3. Improved Decoding Algorithm

3.1. Quantization-Based Correction Factors

When implementing LDPC decoding algorithms on FPGA hardware, it is necessary to convert floating-point data to fixed-point data using quantization. Let the quantization module have a quantization range of

[θ_{\min}, θ_{\max}]

, a quantization bit-width of q, and a step size of

Δ

. The relationship among these parameters can be expressed by the following formula:

θ_{\max} - θ_{\min} = 2^{q} \times Δ

(15)

After processing through the quantization module, the quantized output sequence can be represented as follows:

y_{i}' = sgn (y_{i}) Δ ⌊ \frac{| y_{i} |}{Δ} + \frac{1}{2} ⌋

(16)

Here,

y_{i}'

denotes the quantized output sequence,

⌊ x ⌋

represents the floor operation,

y_{i}

indicates the output sequence before quantization, and

sgn (y_{i})

represents the sign of

y_{i}

.

Under the influence of AWGN channel noise, the signal range at the input of the decoder is

[- 4, 4]

. With 8-bit quantization, the step size is 1/32 according to Formula (15), resulting in an amplification factor of 32. In this 8-bit quantization, 1 bit is for the sign, 2 bits represent the integer value, and 5 bits represent the fraction.

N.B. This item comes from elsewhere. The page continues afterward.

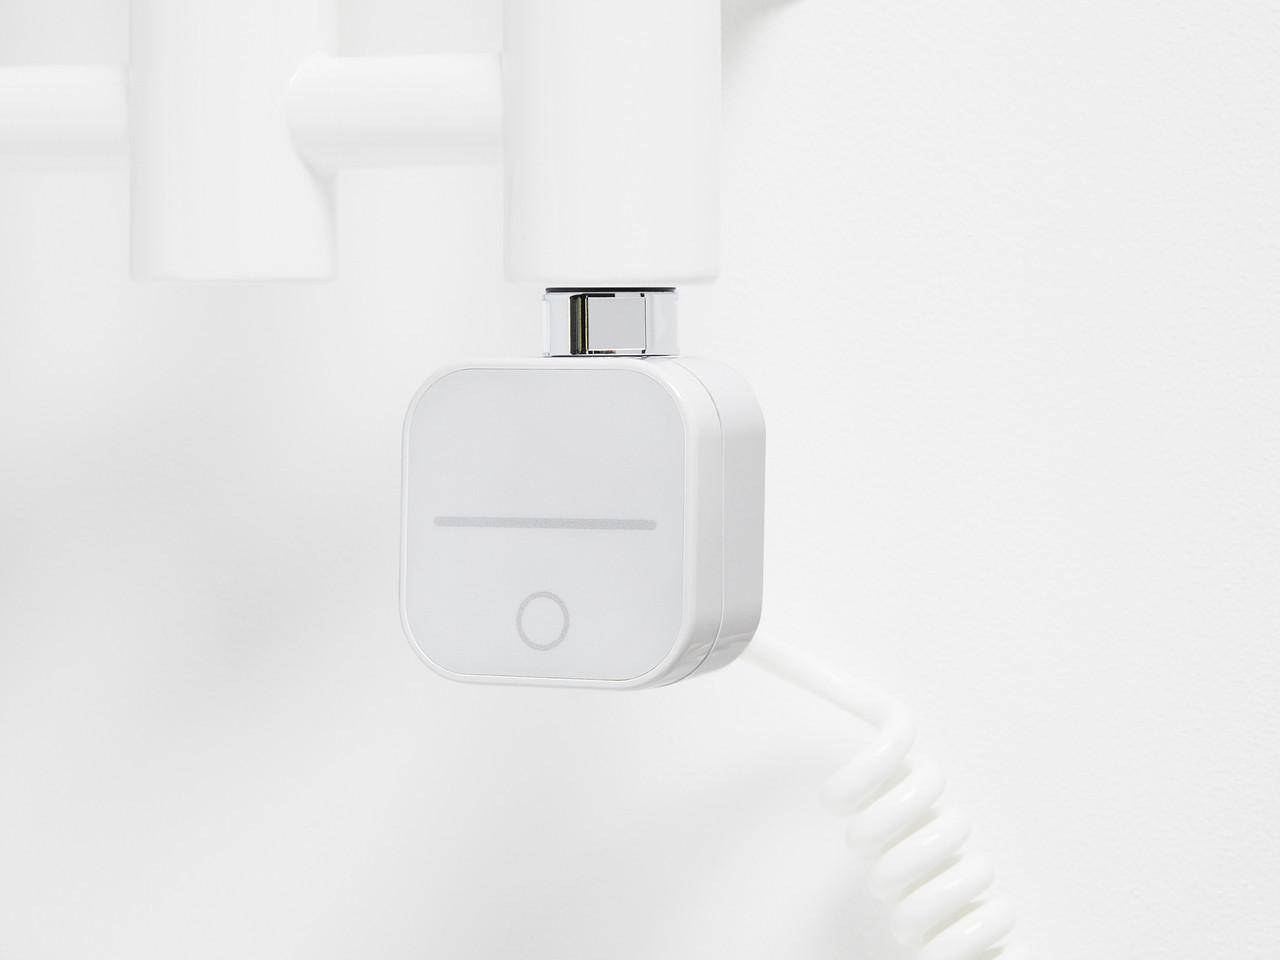 ТЭН HeatQ NEX 1.0 white: регулятор 30-60С +таймер до 8ч.+ Bluetooth + программатор до 7 дней через телефон

FPGA excels at performing parallel additions due to its parallel architecture, but more complex operations like look-up tables or successive approximations require significant logic resources. For this reason, in the NMS algorithm’s check node information update (Formula (10)), the multiplication by the correction factor

α

can be approximated using shift-add operations for hardware implementation.

Here is an illustrative example:

Assume the smallest value

L^{(l)} (c_{j i})

processed by a check node has a binary representation of 00010110. The first bit is the sign bit, while the remaining bits 0010110 represent the absolute value 22. If the bits are cyclically right-shifted by one position, the result is 0001011, representing 11. Thus, right-shifting by one position is equivalent to

L^{(l)} (c_{j i}) / 2

. Similarly, right-shifting by two positions approximates

L^{(l)} (c_{j i}) / 4

, and so forth. By using shift-add operations, the multiplication by the correction factor

α

can be approximated.

For example, to achieve

L^{(l)} (c_{j i})' = L^{(l)} (c_{j i}) \times 0.8

, use

L^{(l)} (c_{j i})' = L^{(l)} (c_{j i}) \times (1 / 2 + 1 / 4 + 1 / 32 + 1 / 64)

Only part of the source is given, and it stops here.